Процедура снимания меня с гвоздя заняла длительное время, большую часть которого меня убеждали в том, что это будет не больно и быстро (дважды соврали). Вообще-то я думаю, что был в шоке, так как мог говорить и бегать с огромным гвоздём в заду, что для людей нетипично. Но меня в конце концов изловили, зажали и вынули из доски, или гвоздь с доской из меня – не помню точно, но, в общем, нас троих разлучили. Вопить я начал задолго до начала процедуры и не переставал ещё какое-то время после её завершения, да и перестал-то лишь потому, что охрип, но всё равно мычал и всхлипывал, так как сильно болело. В какой-то момент мне показалось, что боль прекратилась или, по крайней мере, утихла. И тут, для усиления впечатления, улучив момент, когда я расслабился, мне вкатили укол от столбняка. Голос мгновенно прорезался, и я ещё минут десять-пятнадцать разрывал тишину, разгонял тучи и любопытных соседей, после чего заснул мертвецки, наверное, от обиды и унижения. С тех пор я очень не люблю пыльные подвалы, самокаты, доски, гвозди и уколы от столбняка.

Всю жизнь мы за собой таскаем мешок с «памятными призами», приобретёнными в детстве. Там и обиды, и побои, и слёзы, и унижения, и любови, и ненависти, и развенчанные иллюзии, и ещё много-много другого. Хорошо это или плохо – не скажу, но уверен, что в тот день, когда человек может освободиться от этого постылого груза, он обретает свободу. И ещё думаю, что до этого светлого момента доживают немногие.

А ещё меня папа учил кататься на велосипеде. Я ехал, а он бежал сзади и поддерживал велосипед за сиденье. Всё было ужасно весело до тех пор, пока я однажды не обернулся. Каково же было моё изумление, когда я увидел папу, стоящего далеко позади.

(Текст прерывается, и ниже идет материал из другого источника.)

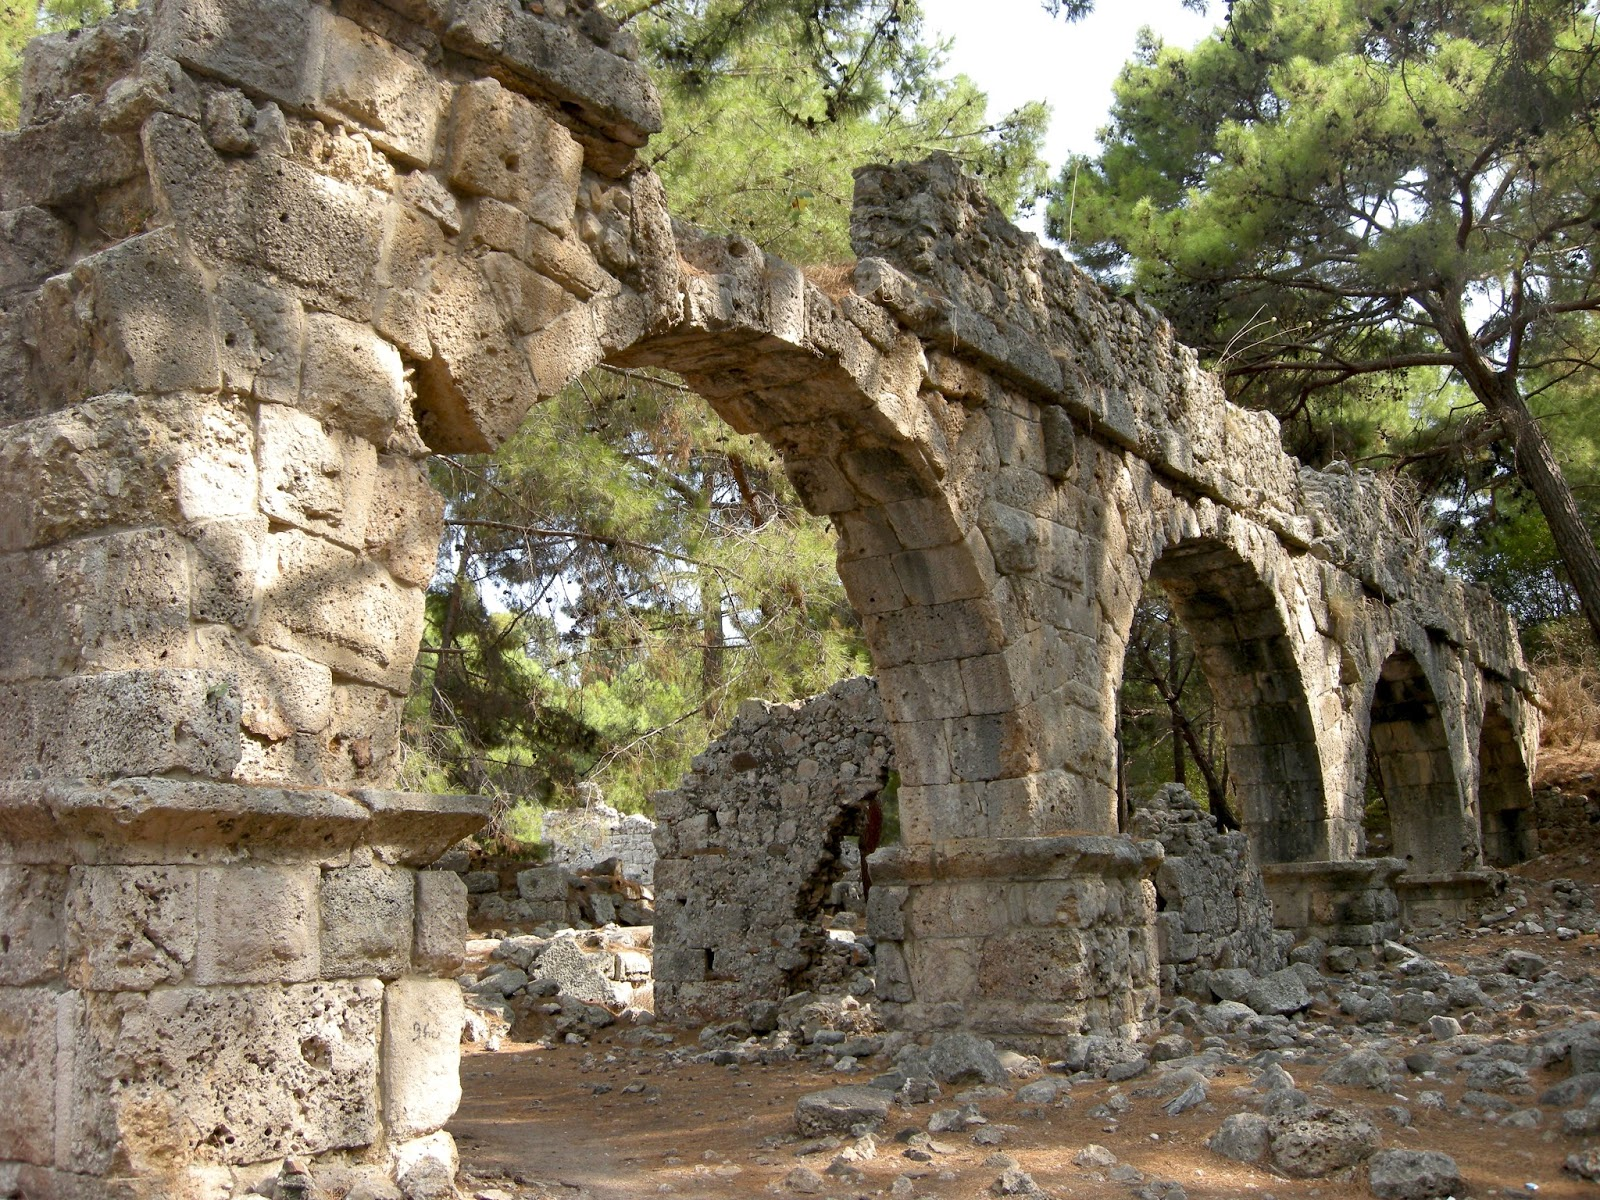 Phaselis Antik Kenti Gezi Rehberi

«Значит, я всё это время ехал сам!» – гордо пронзила меня мысль, и сразу же вслед за ней меня пронзила боль, так как я потерял уверенность в себе, затем – равновесие, вслед за ним – управление, и, слетев с велосипеда, пребольно стукнулся коленом об камень. Камень был очень большой, с острыми краями. На всей дороге он был один. Лежал такой грустный, одинокий, и ждал меня. Ждал, видимо, много лет, пока я не подрос, приехал и начал учиться кататься. Ну, и дождался (помните: если долго мучиться – кто-нибудь получится). Я напрочь снёс себе коленную чашечку. Она как бы отвалилась от колена, но при этом как-то непонятно висела на кусочке кожи.